Angel Tax on Startup Entities

Angel tax in India refers to a tax levied on funds raised by Indian startups through equity dilution. The tax was introduced in 2012 as part of the Income Tax Act, and it applies to any amount raised by a startup from an Indian resident at a premium to the fair market value of its shares. The premium is considered as income for the startup, and it is taxed at a rate of 30%.

The purpose of the angel tax was to prevent money laundering and other illicit activities, but it has been criticized for discouraging investment in startups and hindering the growth of the Indian startup ecosystem.

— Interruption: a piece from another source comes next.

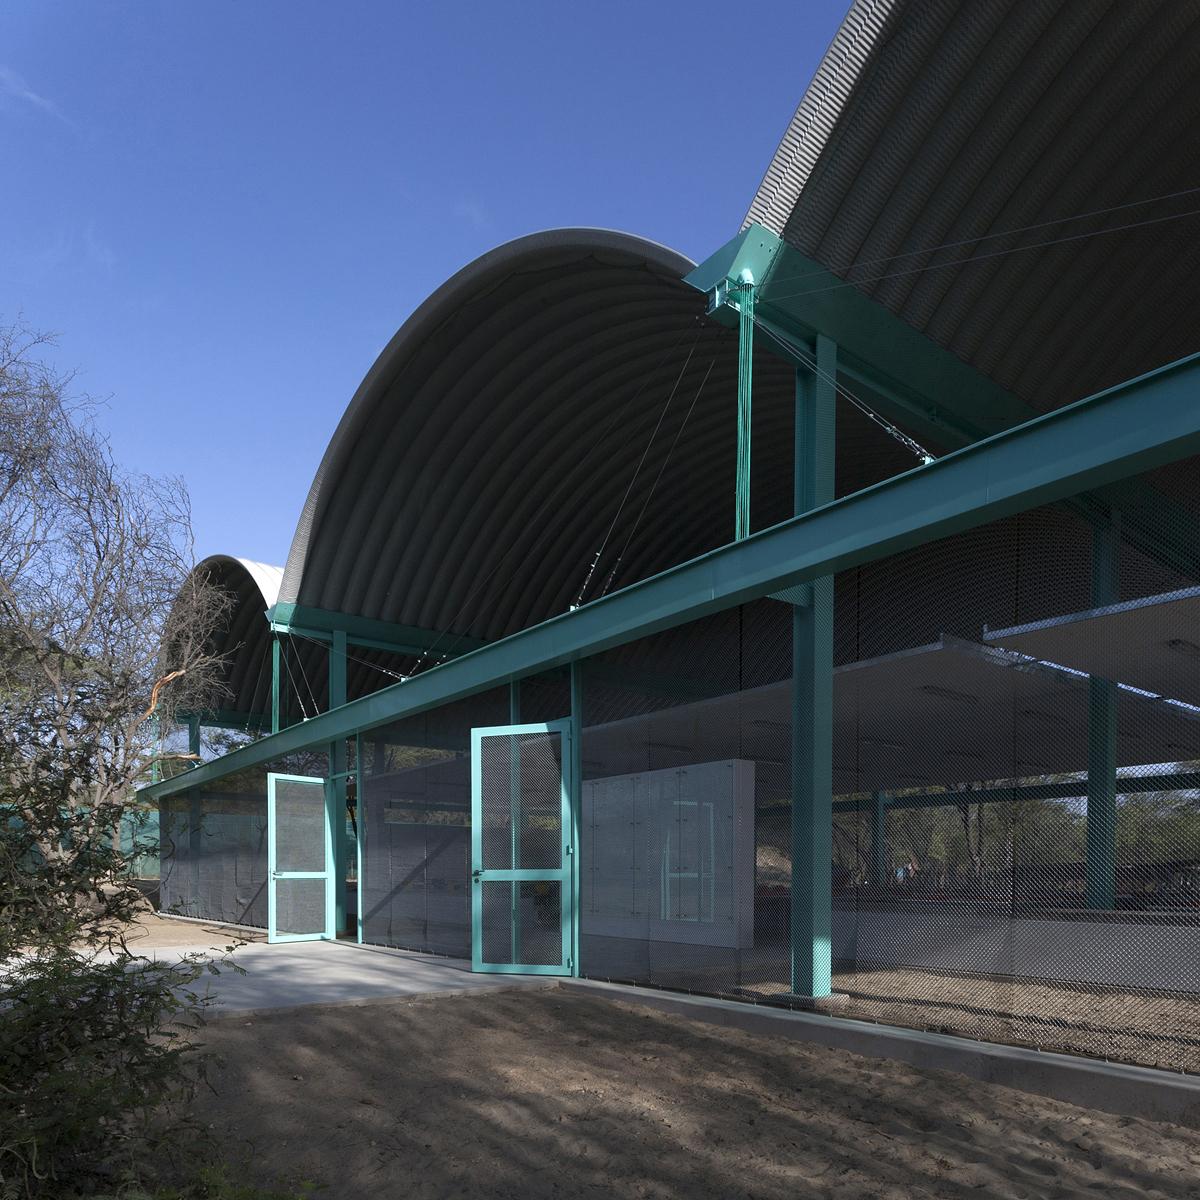 Taller de Arquitectura en el desierto  / Jorge Losada

In 2019, the Indian government announced a series of reforms to ease the burden of angel tax on startups, including raising the threshold for exemption and creating a dedicated cell to address grievances related to the tax.

The angel tax in India has been a controversial issue since its introduction in 2012. While the tax was originally intended to curb money laundering and other illicit activities, it has been criticized for being too broad and for hindering the growth of the Indian startup ecosystem.

Under the angel tax, any investment made in a startup by an Indian resident at a premium to its fair market value is subject to taxation. This includes investments made by angel investors, venture capitalists, and other investors. The premium amount is treated as income for the startup, and it is taxed at a rate of 30%.

The tax has been particularly burdensome for startups that are not yet profitable, as they may not have enough revenue to cover the tax liability. This has led to many startups being unable to access the funding they need to grow their businesses. Some startups have even had to shut down as a result of the tax.

In response to these concerns, the Indian government announced a series of reforms in 2019 aimed at easing the burden of angel tax on startups. The reforms included raising the threshold for exemption from the tax, creating a dedicated cell to address grievances related to the tax, and streamlining the approval process for startups seeking tax exemptions.

The threshold for exemption from the angel tax was raised from INR 25 crore to INR 50 crore, which meant that startups with a total investment of up to INR 50 crore were exempt from the tax. In addition, startups that had been registered for less than 10 years and had a turnover of less than INR 100 crore were also eligible for the exemption.

The creation of a dedicated cell to address grievances related to the angel tax was also a significant step. The cell was established under the Department for Promotion of Industry and Internal Trade (DPIIT) and was tasked with resolving issues related to the tax within 45 days of receiving a complaint.

The government also streamlined the approval process for startups seeking tax exemptions. Previously, startups had to apply for exemption from the tax with the Central Board of Direct Taxes (CBDT), which could be a lengthy and cumbersome process. Under the new system, startups could simply self-certify their eligibility for the exemption.

While these reforms were a step in the right direction, some in the Indian startup ecosystem continue to push for the complete elimination of the angel tax. They argue that the tax is unnecessary and that it is stifling innovation and growth in the startup ecosystem.

In addition, some argue that the angel tax is unfair compared to the tax regimes in other countries. For example, in the United States, startups are allowed to raise funds at a premium without being subject to a similar tax. This has led to concerns that the angel tax is making it harder for Indian startups to compete on a global scale.

Despite these concerns, the Indian government has taken steps to reduce the impact of the angel tax on startups. For example, it has expanded the scope of the tax exemption to cover more startups and has clarified the process for claiming the exemption. However, the tax remains in place, and it is likely that the government will continue to face pressure to reform or eliminate it in the coming years.

Overall, the angel tax remains a contentious issue in India’s startup ecosystem, and it will be interesting to see how it evolves in the years to come. While the government’s recent reforms were a positive step, many in the startup ecosystem believe that more needs to be done to support the growth of Indian startups and to ensure that they can compete on a global scale.